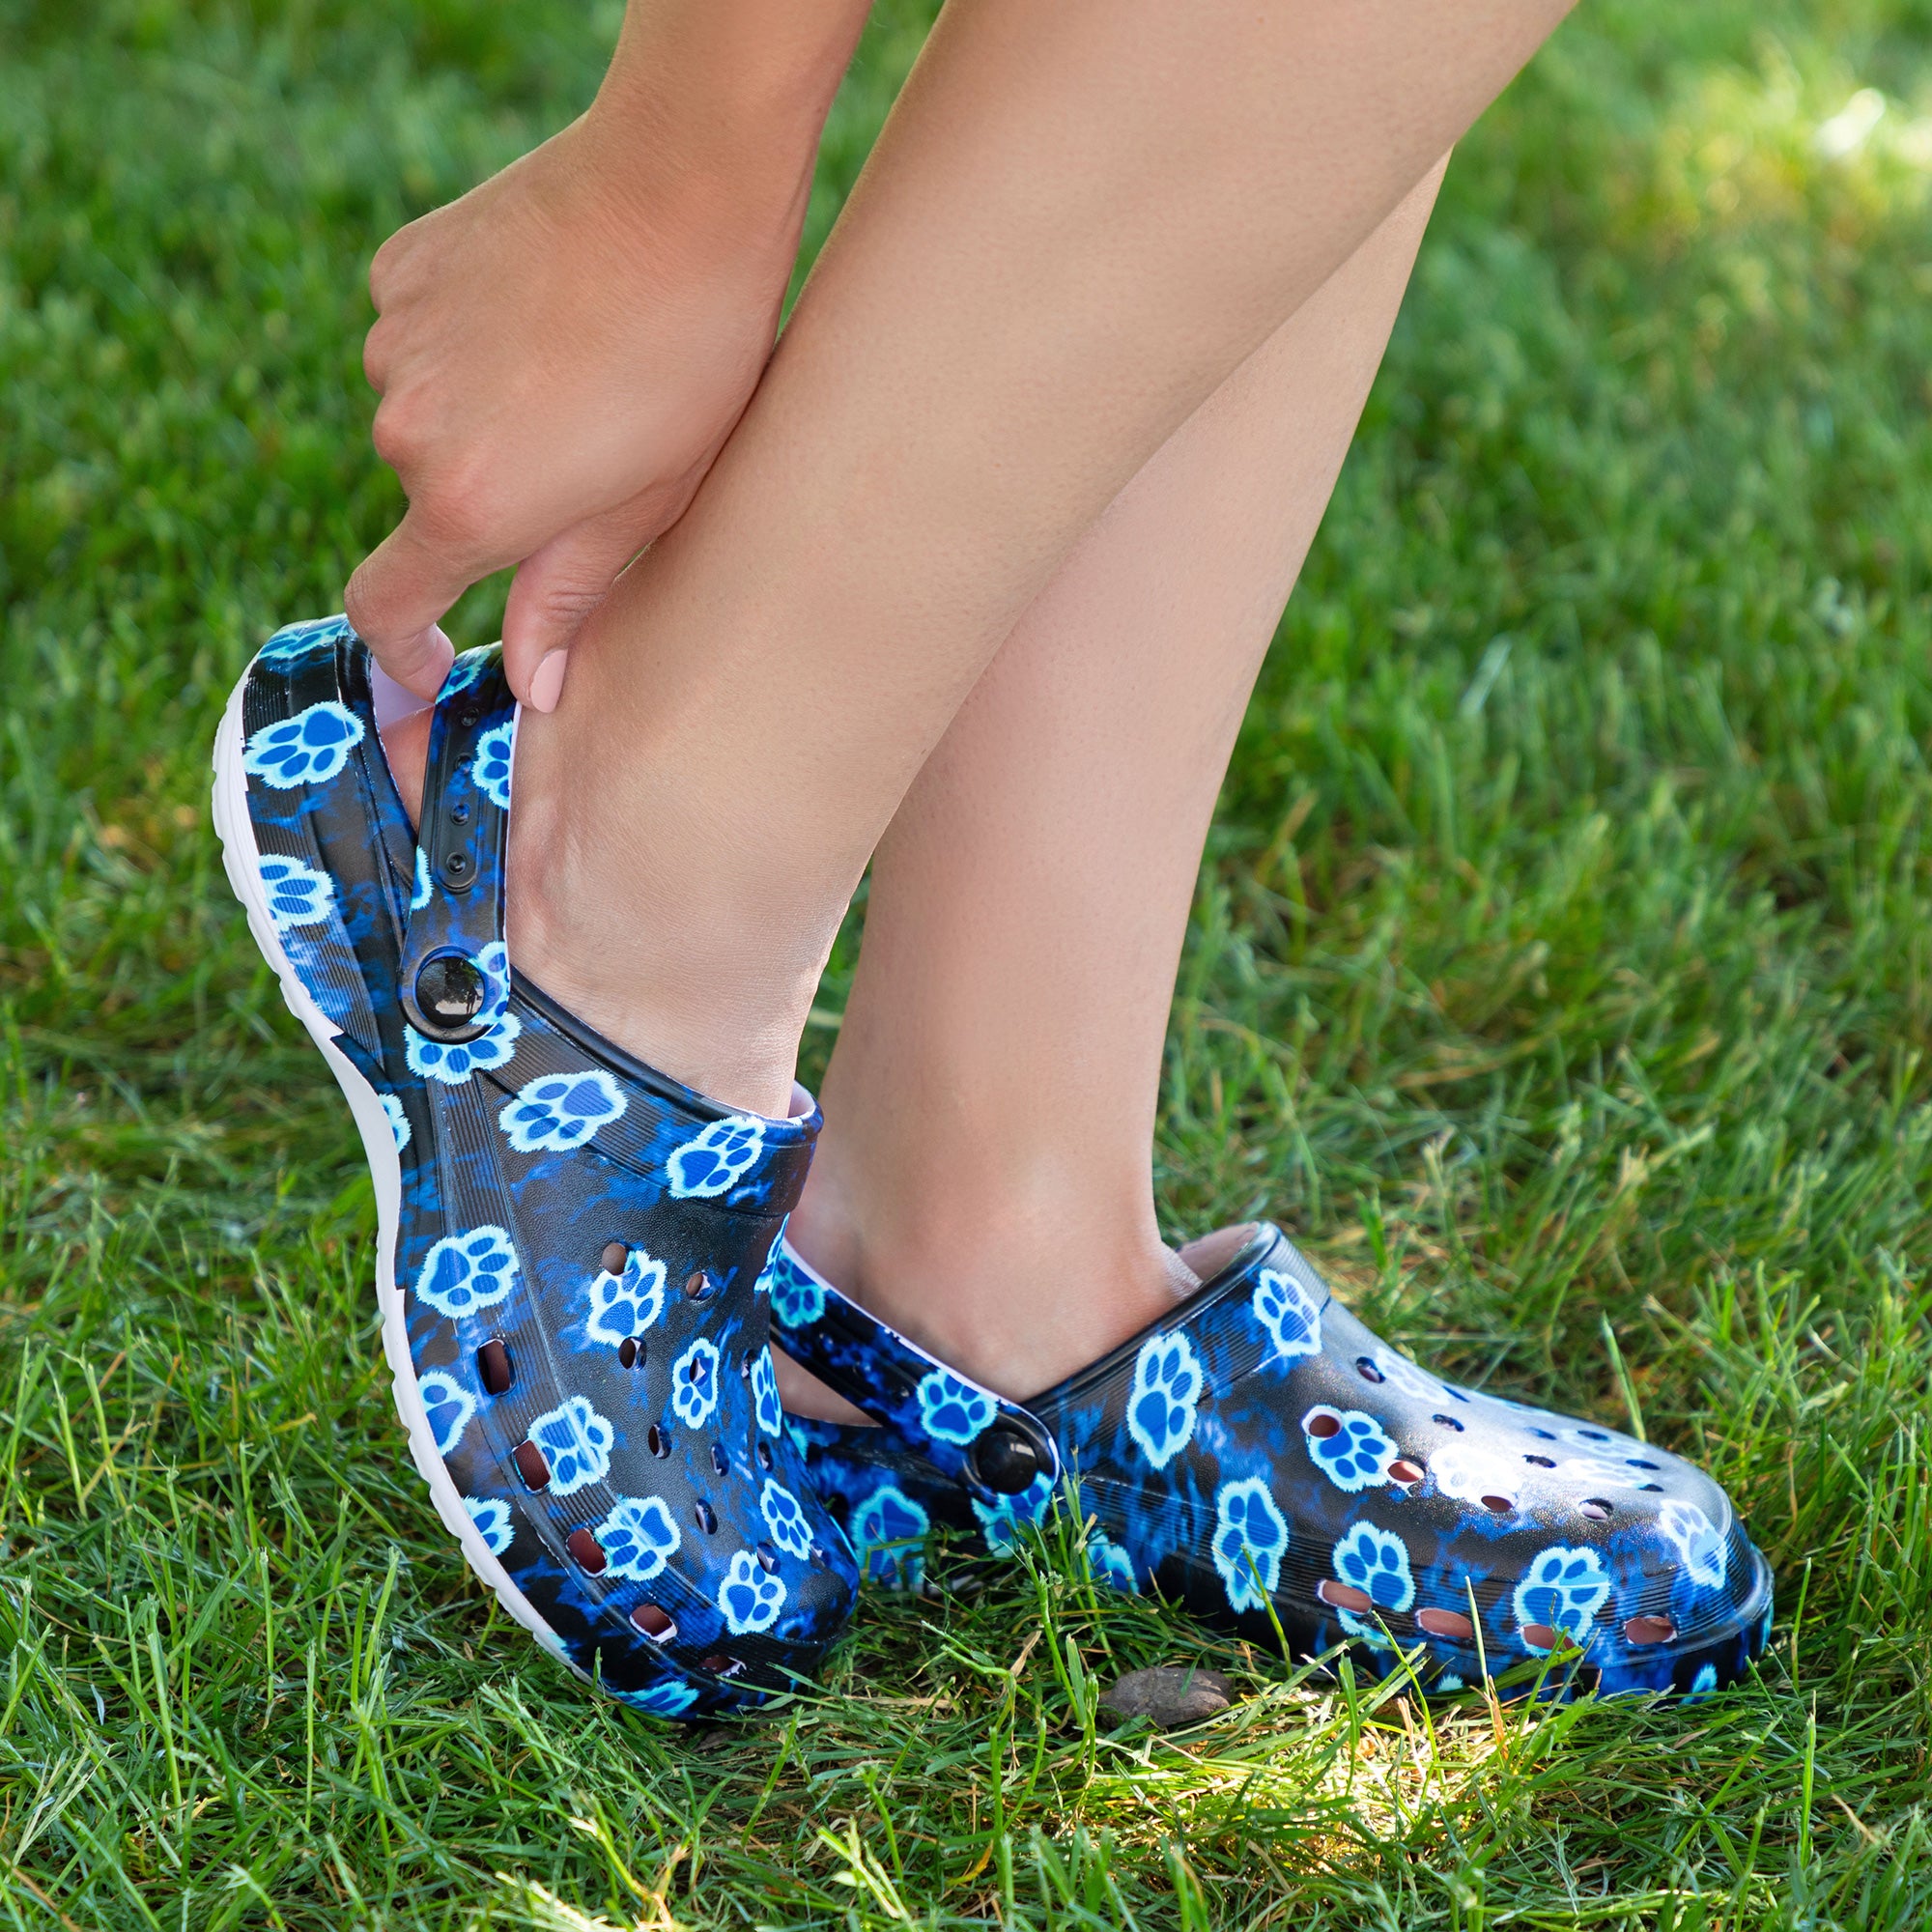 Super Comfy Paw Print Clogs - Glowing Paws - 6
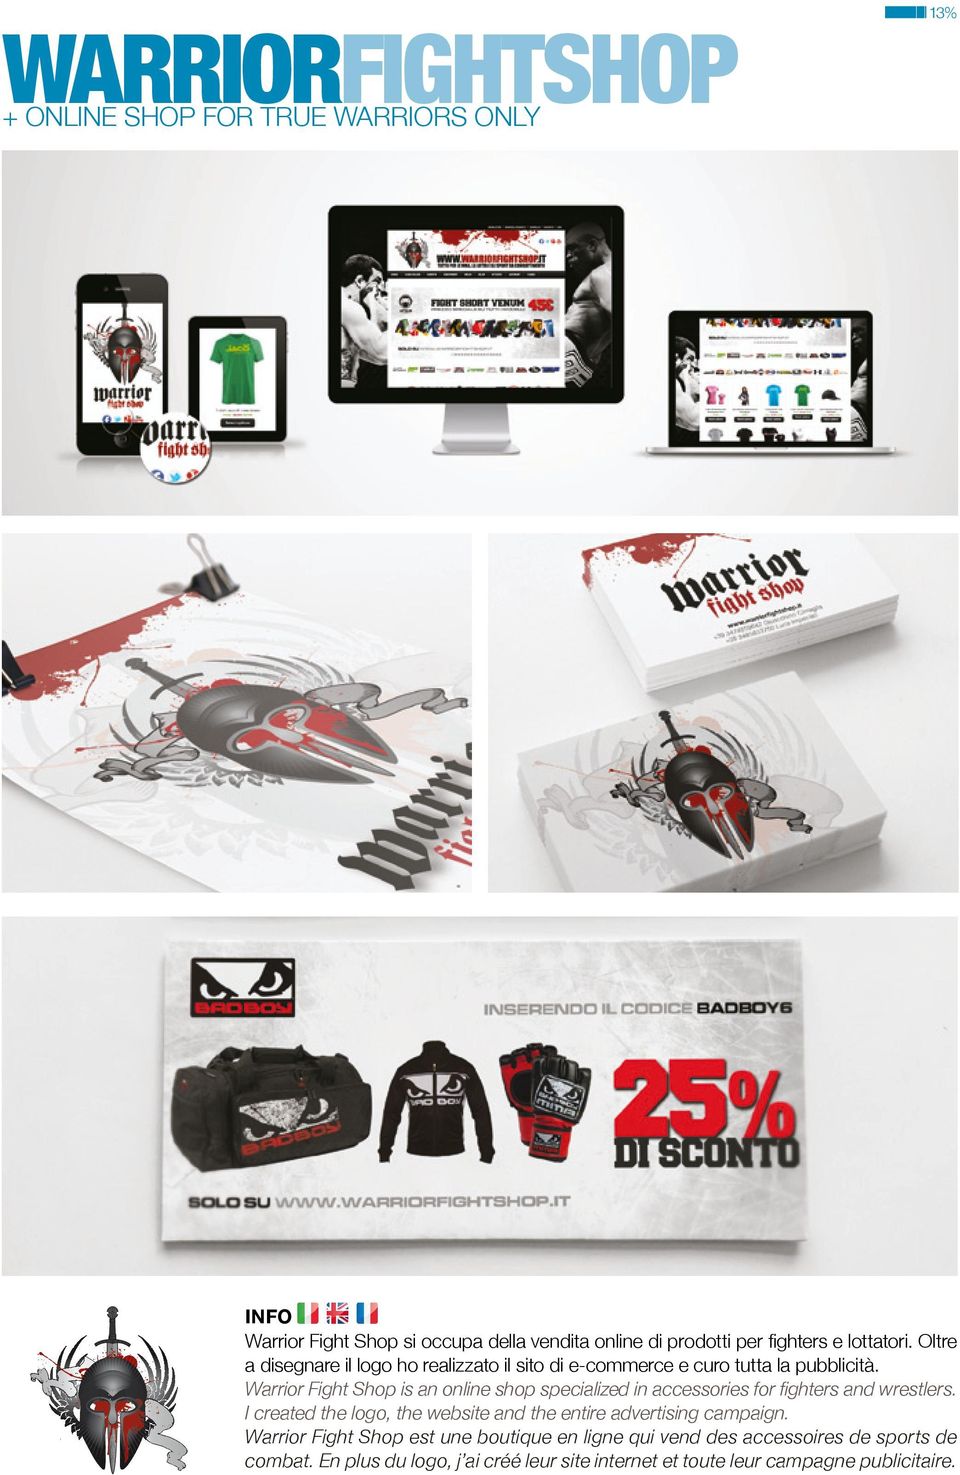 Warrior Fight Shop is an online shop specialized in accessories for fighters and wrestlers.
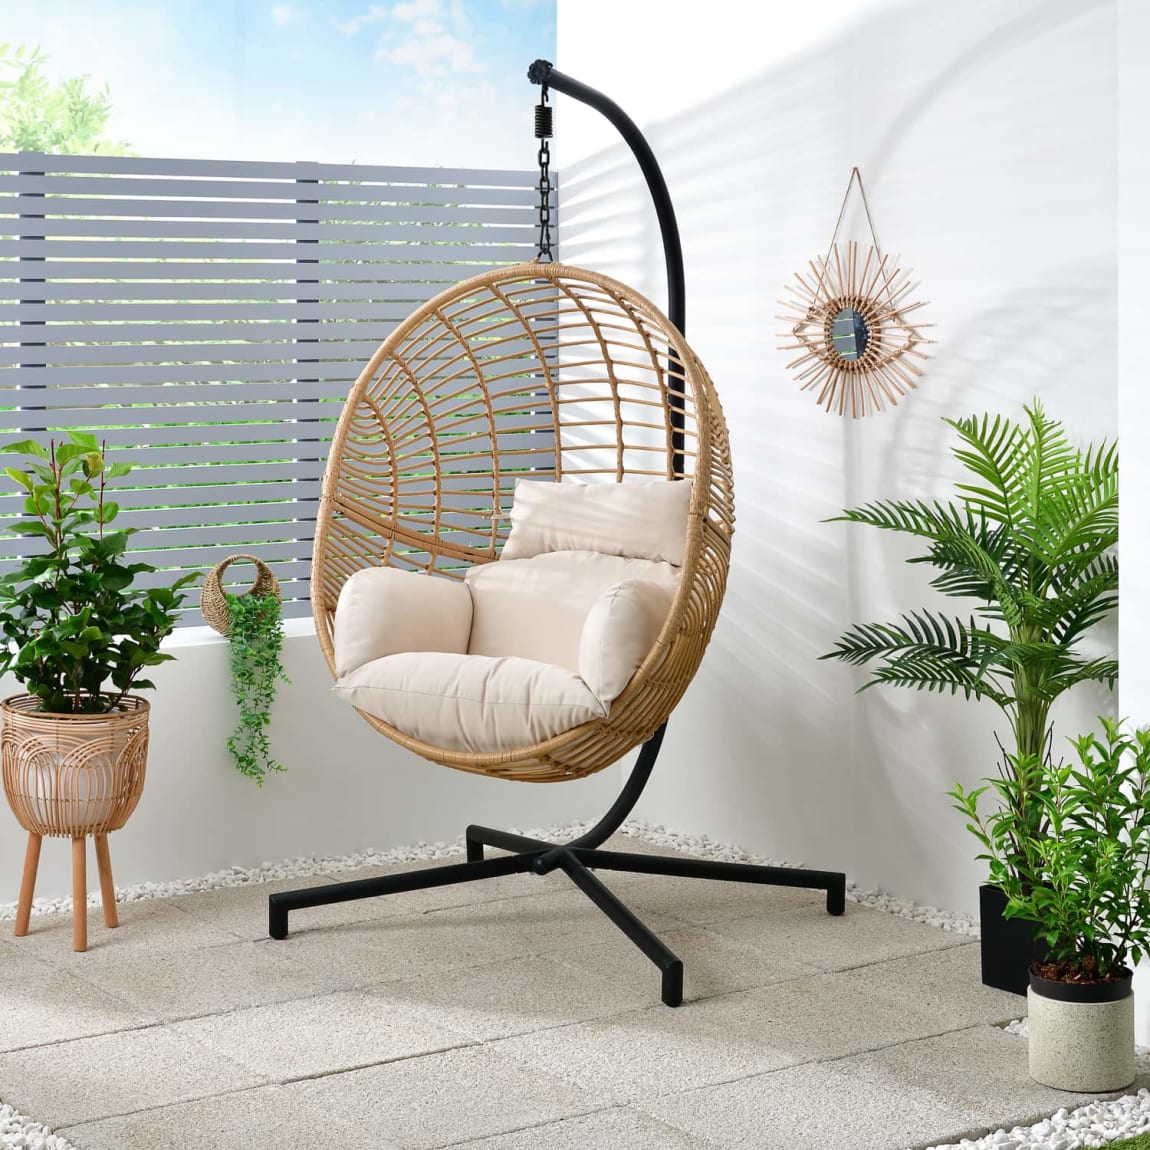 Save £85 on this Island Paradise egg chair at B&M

#### Task prompt:
Print only the lines running from the line that contains "Warrior Fight Shop" to the final line of the listing, both included. Omit every picture.

#### Written reply:
 Warrior Fight Shop is an online shop specialized in accessories for fighters and wrestlers.
 Save £85 on this Island Paradise egg chair at B&M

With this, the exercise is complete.